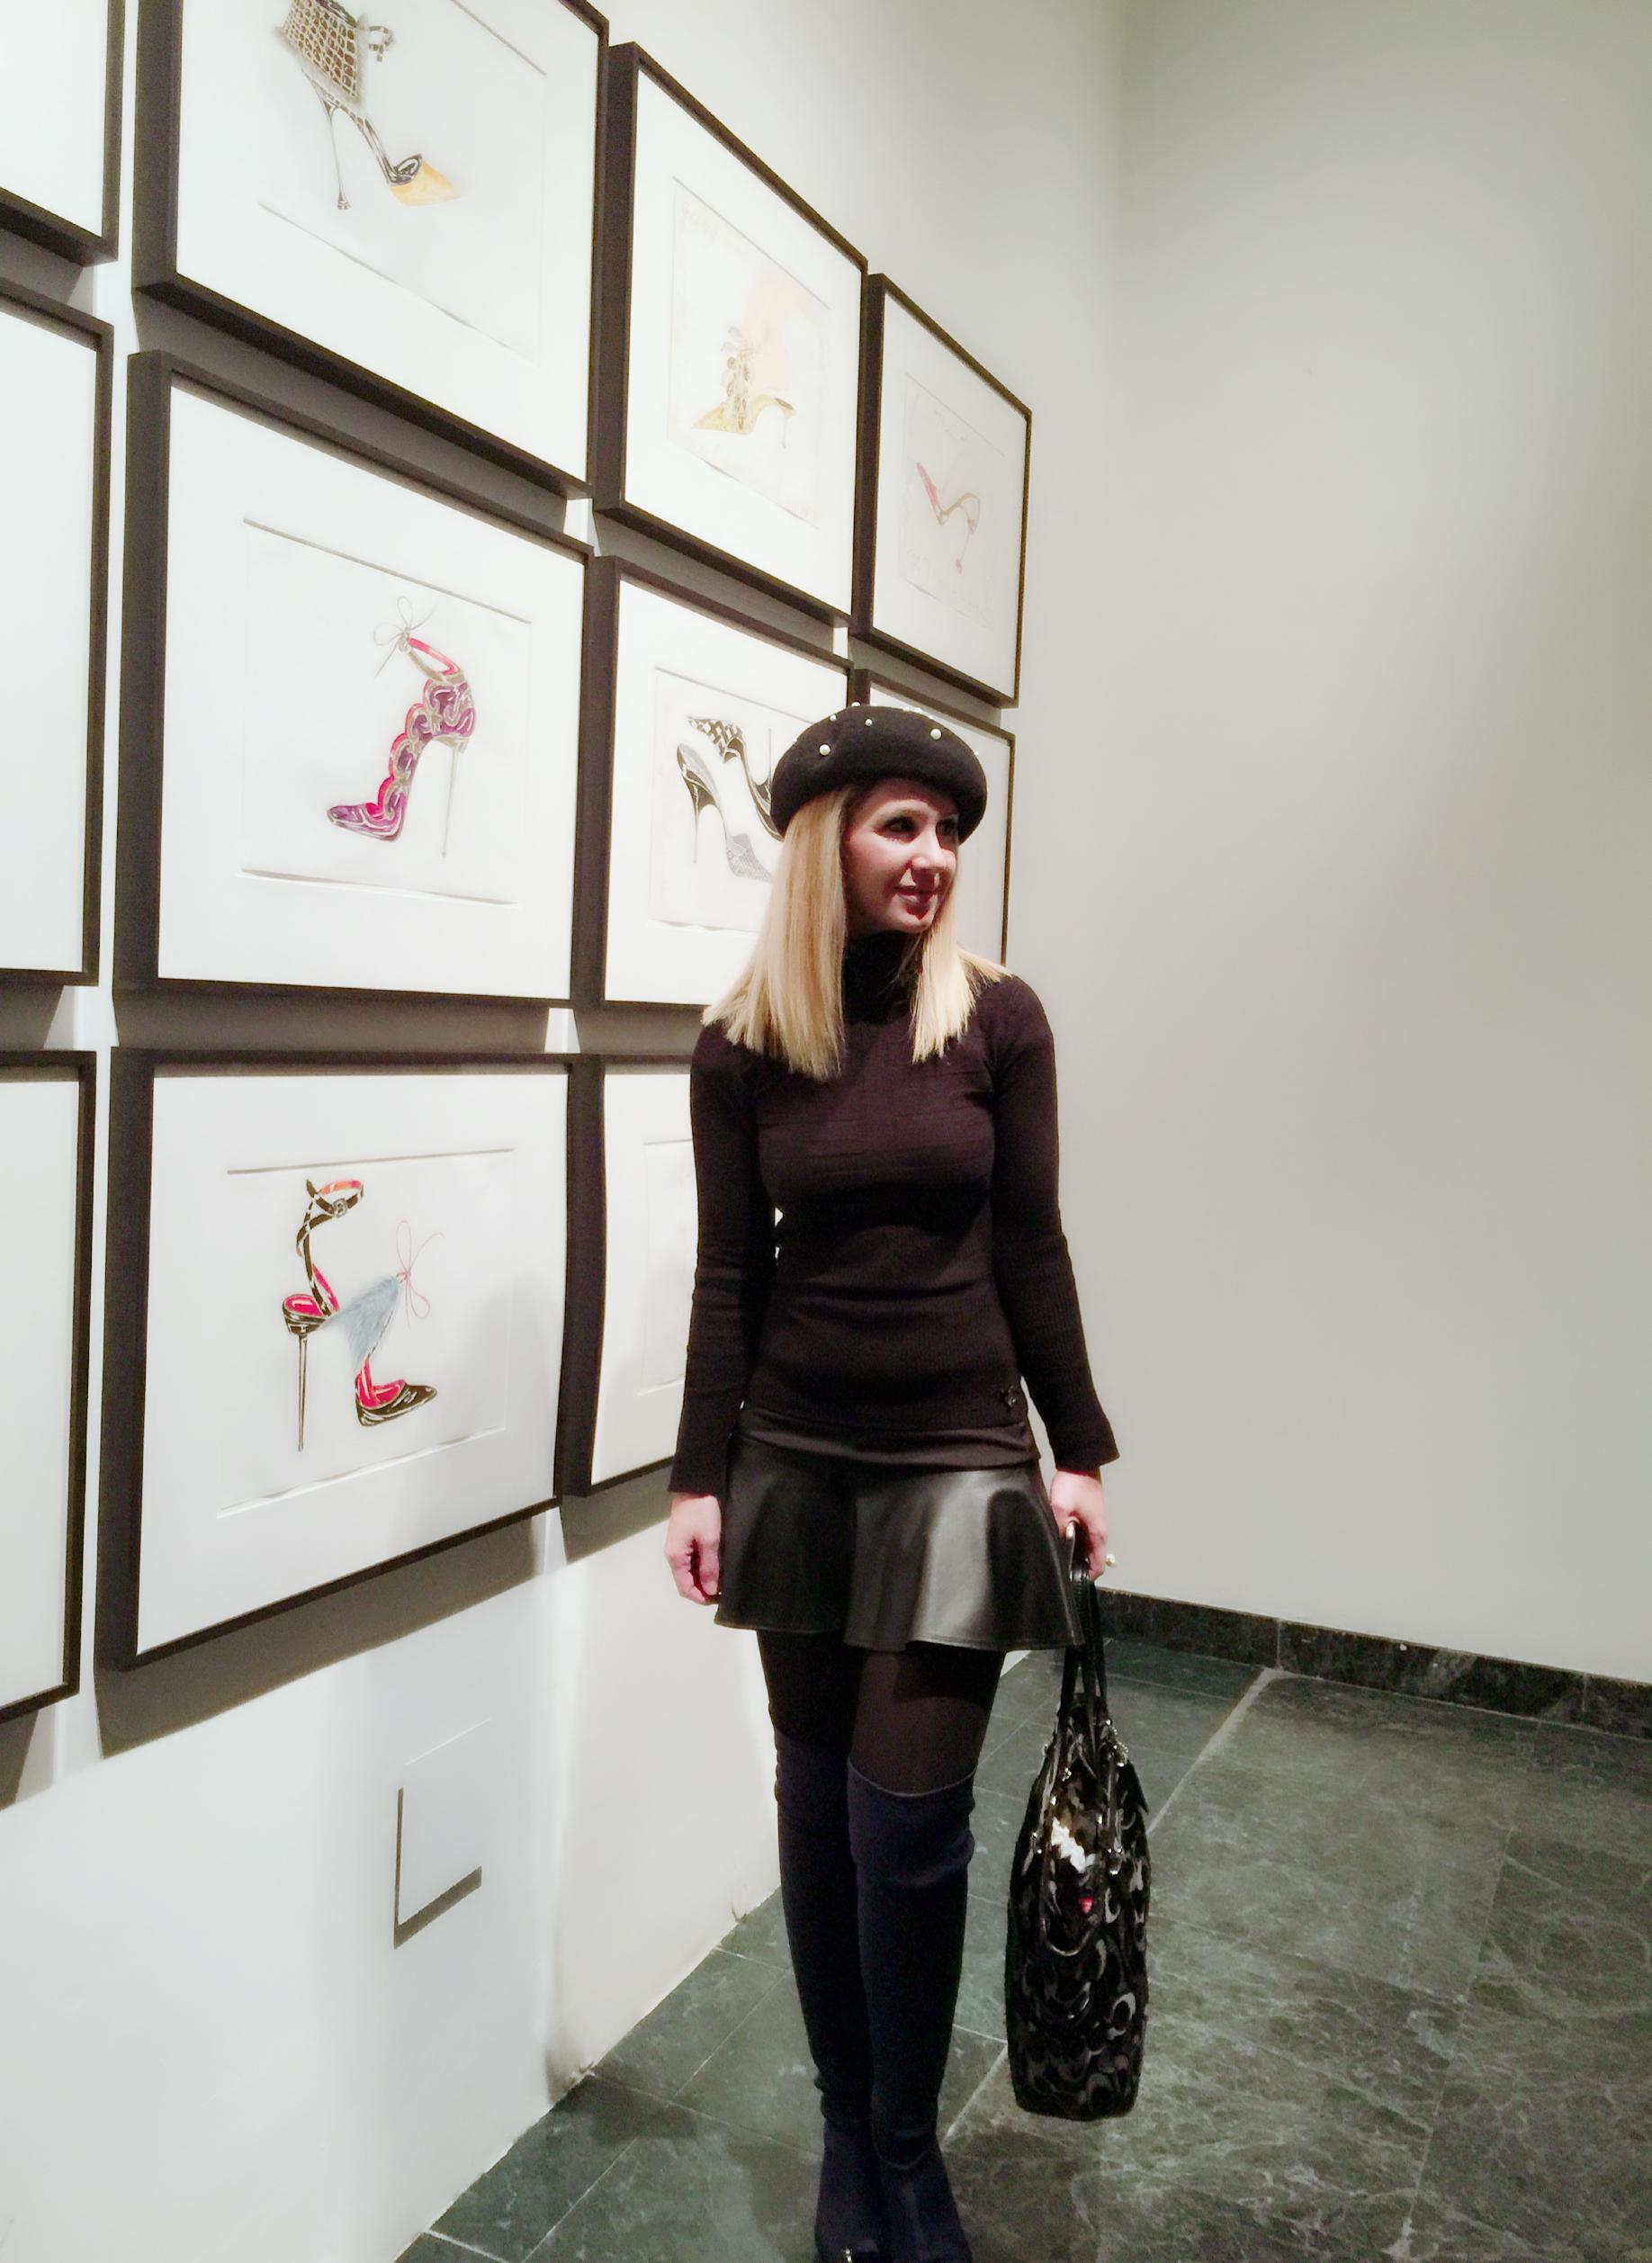 Manolo Blahnik exhibition
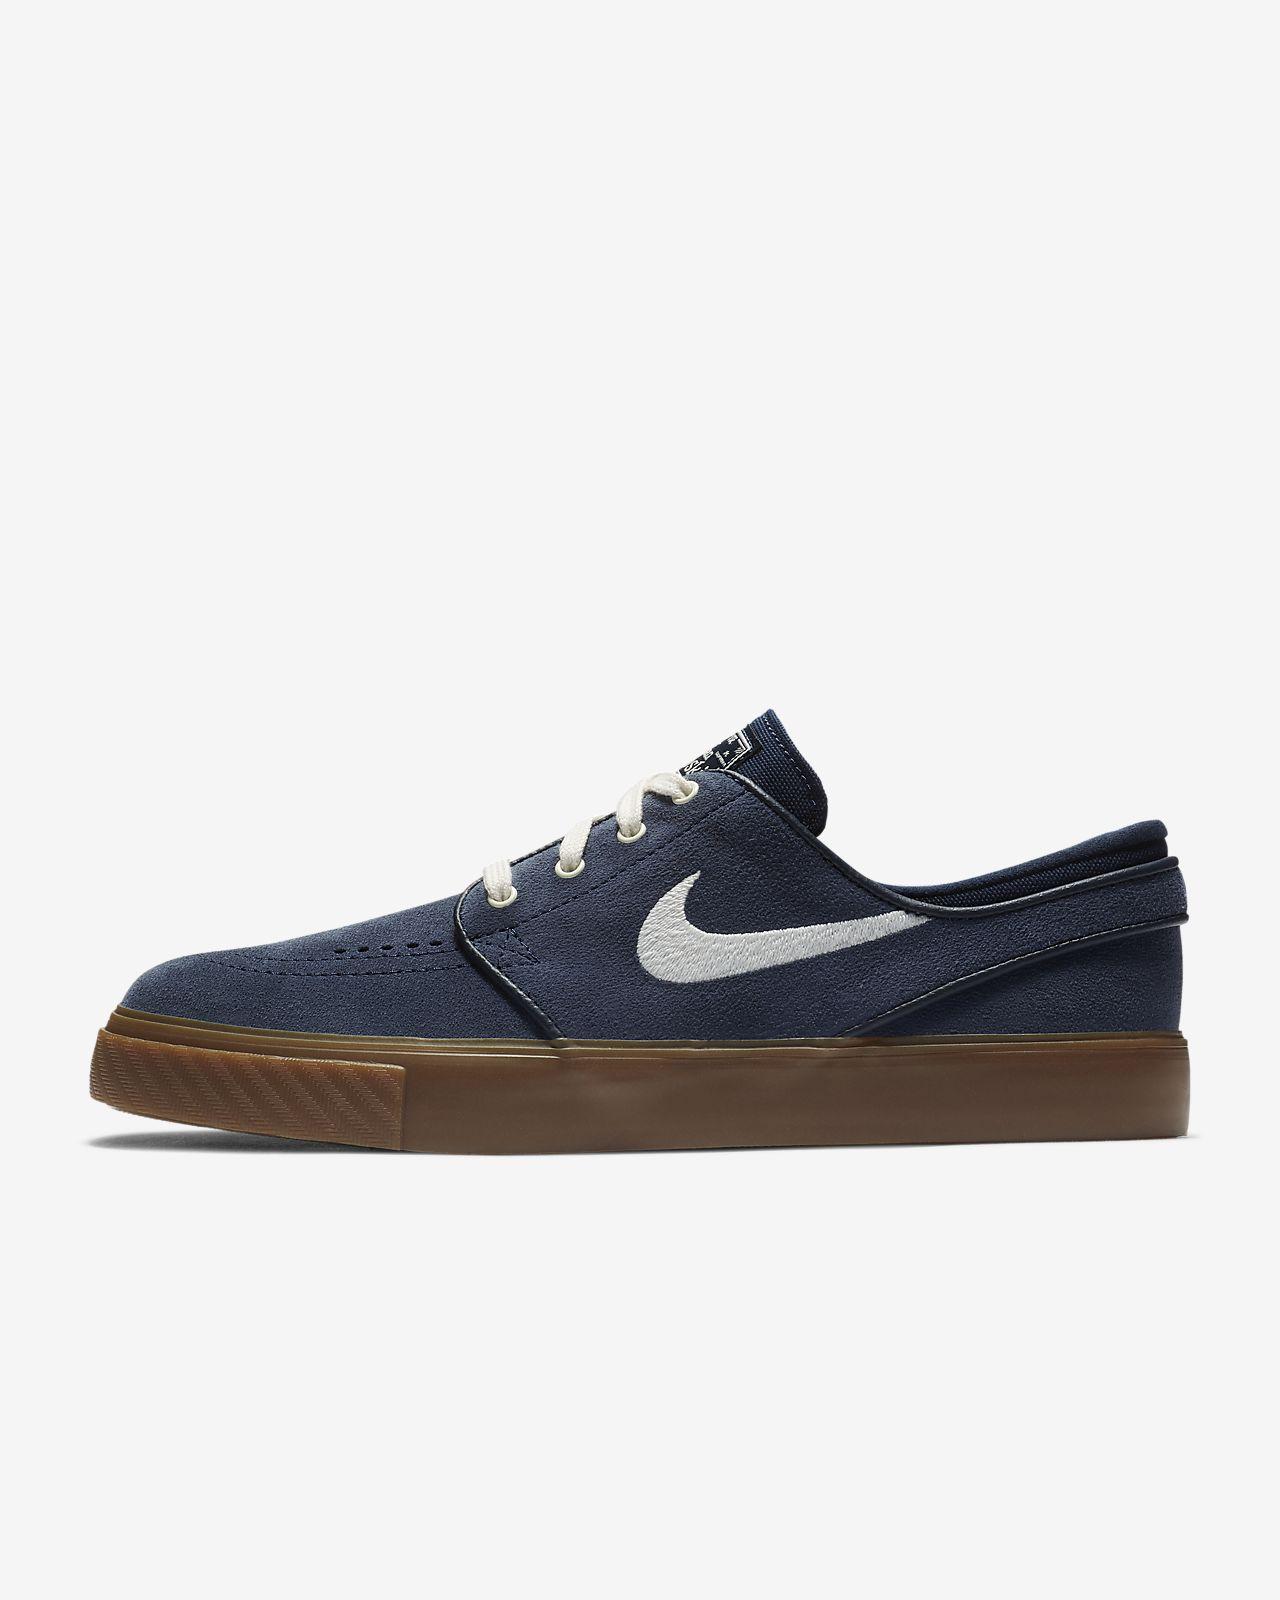 promo code 906cd 63b1b Nike Zoom Stefan Janoski
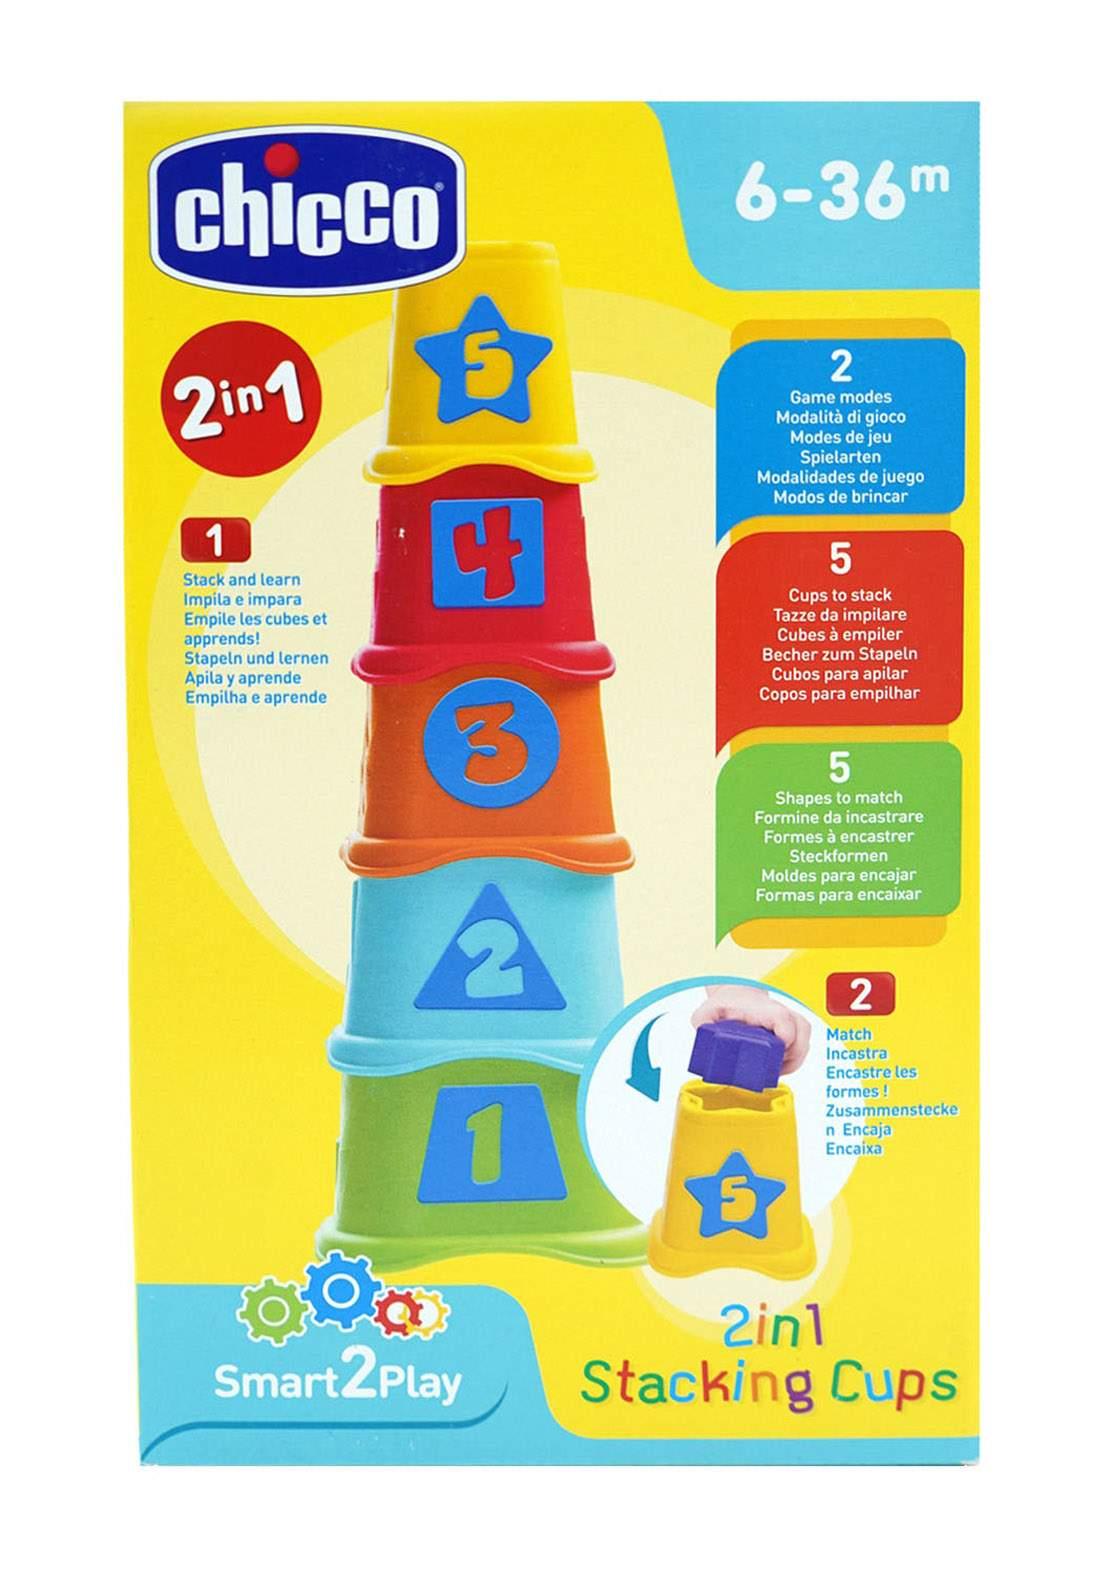 Chicco Classis 2 in 1 Smart 2 Play (6-36m) لعبة تكديس الأكواب للأطفال

▸ **Assigned task**
Give the listing again word for word. Skip any pictures.

▸ **Solution to the problem**
 Manolo Blahnik exhibition
 promo code 906cd 63b1b Nike Zoom Stefan Janoski
 Chicco Classis 2 in 1 Smart 2 Play (6-36m) لعبة تكديس الأكواب للأطفال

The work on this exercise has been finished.